In a UK first, doctors at Royal Surrey have treated their 5,000th prostate cancer patient with brachytherapy – radioactive ‘seeds’ implanted in or near a tumour to treat cancer.

Brachytherapy is an alternative treatment to surgery that can have fewer side effects. It involves the insertion of tiny radioactive seeds covering the entirety of the prostate gland tumour.  As the radiation is put directly into the prostate, the healthy tissue nearby gets a lower dose of radiation and is less likely to be damaged than with other radiation treatment.

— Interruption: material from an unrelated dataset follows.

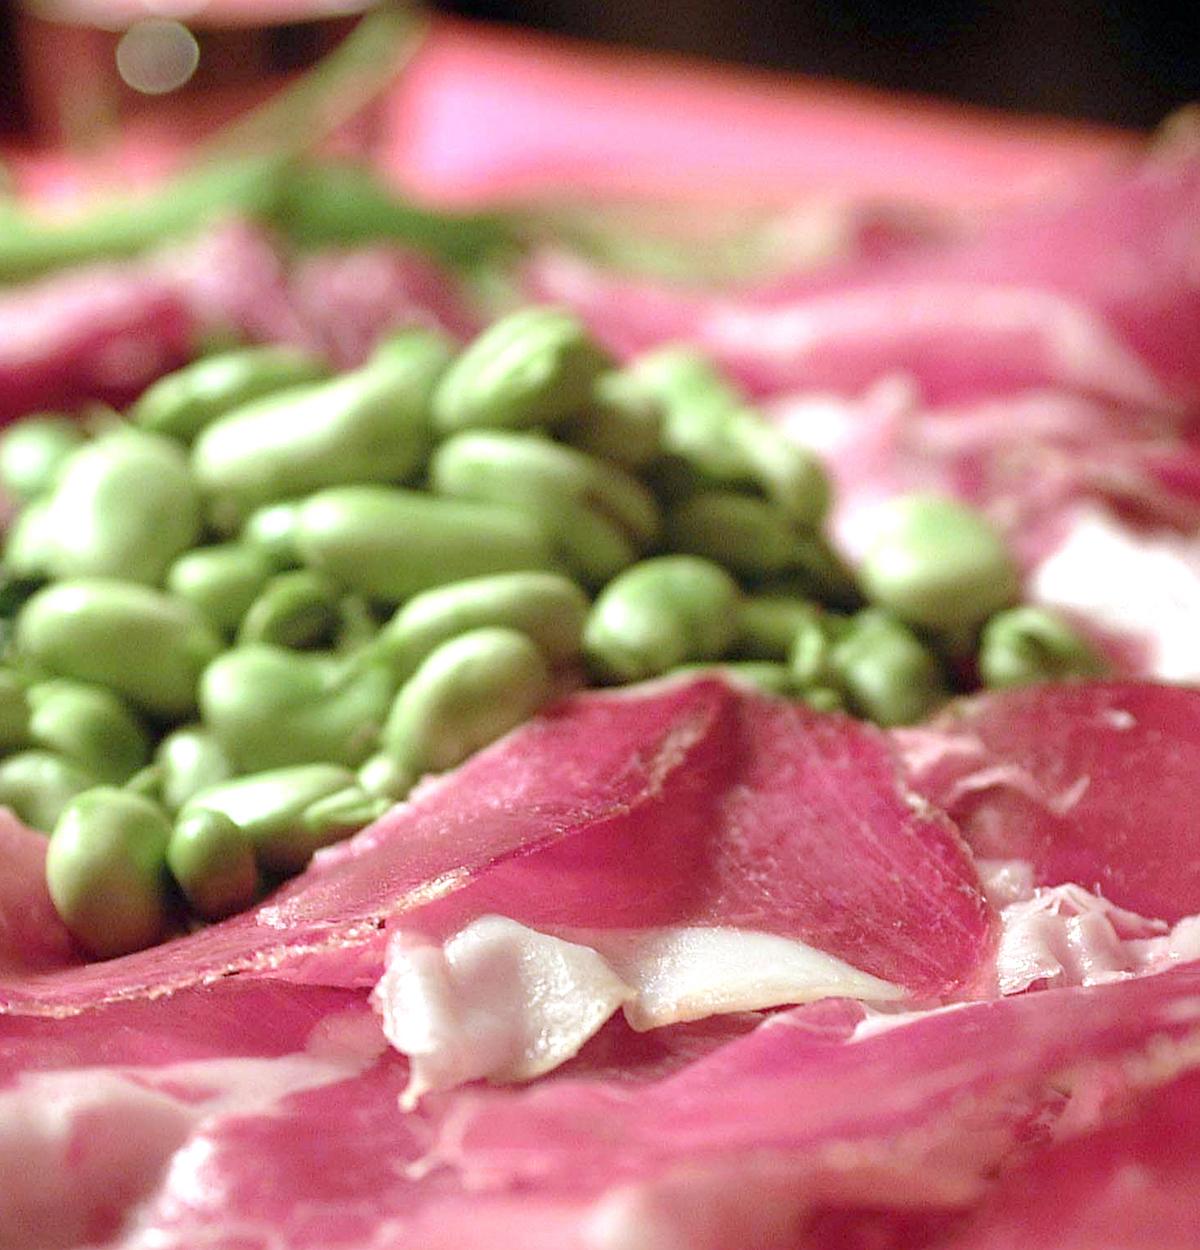 Fèves et jambon ©simona flamigni shutterstock

It isn’t suitable for all patients and is typically offered either for those whose cancer is considered confined to the prostate gland or in combination with external beam radiotherapy in more advanced cases.

In 1999, Royal Surrey was among the first hospitals in the UK to start treating patients with brachytherapy. Prostate Project trustee, Professor Stephen Langley, Professor of Urology at Royal Surrey, treated the very first patient at Royal Surrey and also operated on the 5,000th patient in May 2022, said:

“For the right patient, brachytherapy is as effective as surgery but with fewer side effects. The radioactive material only affects the tissue very close to it, so it tackles the tumour without harm to the rest of the body. Our published curative rates for brachytherapy are more than 90 per cent for most cancers, with more than 99 per cent of patients retaining urinary continence and more than 80 per cent of men retaining erectile function.”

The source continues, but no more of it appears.